SOURCE: ARC

ARC

September 28, 2010 12:00 ET

Statewide Effort Brings Together California Hospitals, Physician Organizations, Other Health Care Providers to Lower Costly and Avoidable Hospital Readmissions

ARC "Avoid Readmissions Through Collaboration" Initiative Helps Hospitals Prepare for Health Reform Requirements

SACRAMENTO, CA--(Marketwire - September 28, 2010) -  A statewide effort in California is bringing hospitals, physician organizations, and other health care providers together to reduce 30 and 90-day readmission rates by 30 percent by December 31, 2013. Known as ARC -- "Avoid Readmissions Through Collaboration" -- the initiative helps hospitals adopt evidence-based models and interventions known to reduce readmissions.

"Avoidable hospital readmissions are a symptom of inefficiency and poor quality that result in millions of wasted health care dollars every year in California," said Bruce Spurlock, MD, coordinator of the initiative and CEO of Convergence Health Consulting.

Ninety percent of Medicare readmissions within 30 days are unplanned and the total cost exceeds $17 billion annually, according to recent studies.

"Fortunately, we have evidence-based models and tools for lowering readmissions and improving transitional care.
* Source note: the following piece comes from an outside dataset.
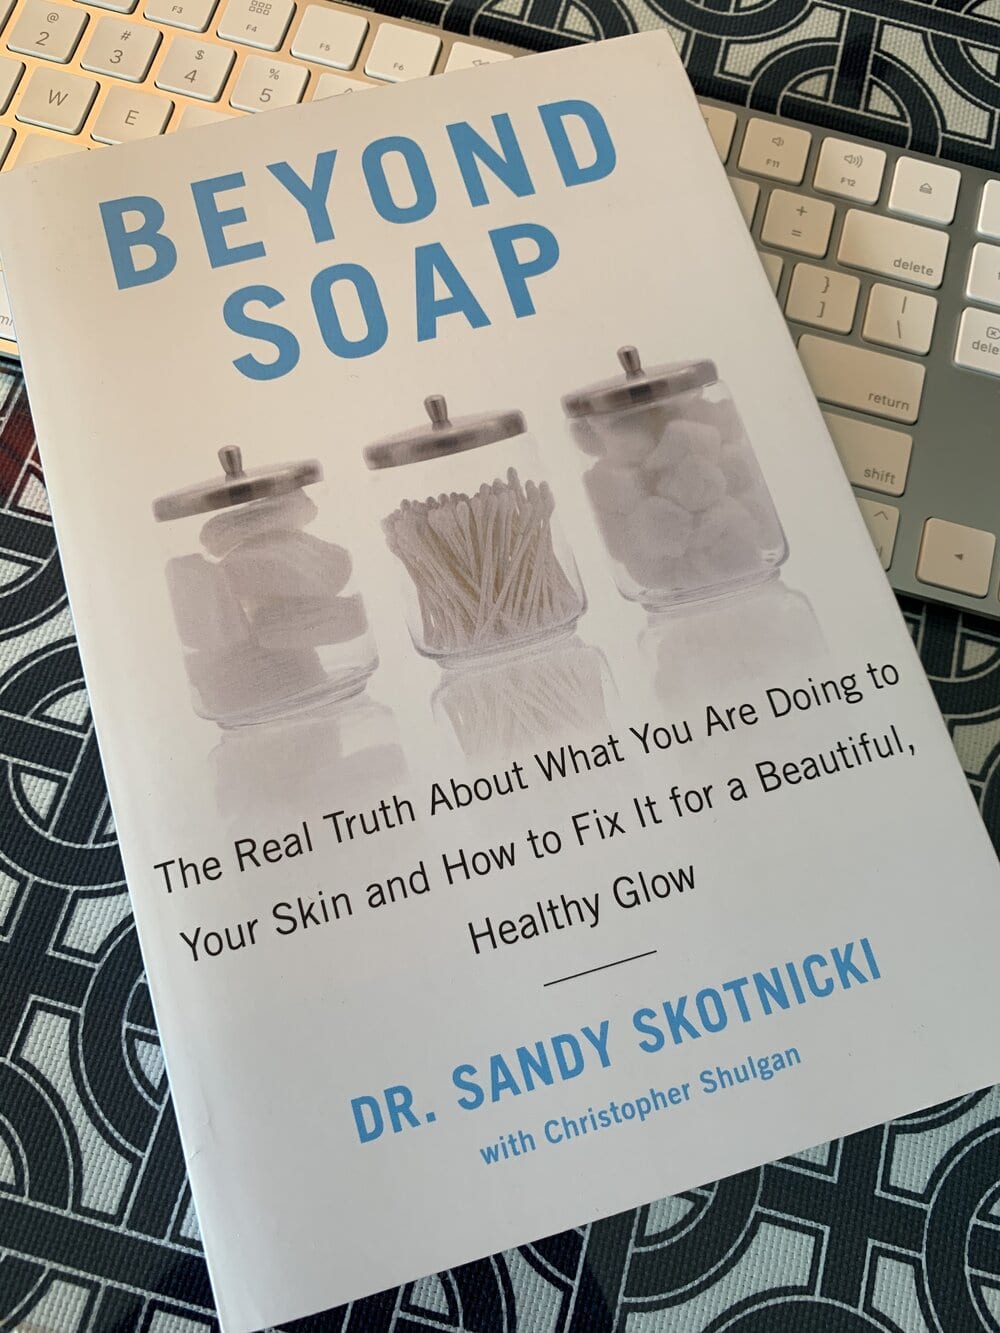 Photo of book, Beyond Soap - The Real Truth About What You Are Doing To Your skin and How to Fix It for a Beautiful Healthy Glow written by dermatologist Dr. Sandy Skotnicki

Hospitals and other providers are anxious to learn about and put these tools into place so that patients don't suffer the risks associated with poorly planned transitions from the hospital back home or to other care settings," said Spurlock.

Already, nearly 150 hospital, medical group, health plan and nursing home leaders from five San Francisco Bay Area counties have met and begun to discuss what will be required to more quickly lower readmission rates and to improve transitional care processes.

ARC will organize "Learning Communities" that include hospitals and other provider organizations (e.g., medical groups/IPAs, home health, long term care, health plans) that want in-depth education -- conferences, peer-to-peer forums and webinars -- that focuses on practical, evidence-based approaches to reducing readmissions. The ARC-sponsored educational events will include regional and national experts.

Within the Learning Communities will be Action Networks consisting of those hospitals and their outpatient partners that receive additional on site and remote support from improvement advisors. Advisors will support Action Network participants through examination of hospital readmission data, review of current discharge processes and facility specific training. Select Action Network participants are also eligible to apply for 2011 planning grants from the Gordon and Betty Moore Foundation.

"Hospitals face intense pressure to lower unplanned readmissions and to improve transitional care," said Debby Rogers, RN, MS, VP Quality and Emergency Services, California Hospital Association. "We are excited about this new collaborative and the opportunity to work together to solve this common challenge."

Medicare already reports hospitals' readmission rates for heart attack, pneumonia and heart failure at http://www.hospitalcompare.hhs.gov. But beginning in 2013, hospitals will be penalized one percent of their Medicare reimbursement if readmission rates exceed expected levels. The penalty increases in subsequent years.

"We are seeing tremendous interest from physician groups in working more seamlessly with their hospital partners. The ARC collaborative will provide a structure to accelerate this effort," said Diane Stewart, Director, Performance Improvement, Pacific Business Group on Health. 

Successfully reducing unplanned readmissions and improving care transitions involves several guiding principles that ARC will emphasize: maintaining a patient-centered focus; "getting into the weeds" to better understand the complex discharge planning and transitional process; customizing existing transitional care models to fit a hospital's own culture and systems; and reinforcing effective practices by hospital staff.

Other critical components for effective care transitions include improving patients' capabilities for self-management and medication adherence, as well as encouraging adoption of transitional care technologies.

The three year, one million dollar initiative is funded by the Gordon and Betty Moore Foundation (www.moore.org), with additional support for the project launch from The California Health Care Foundation (www.chcf.org).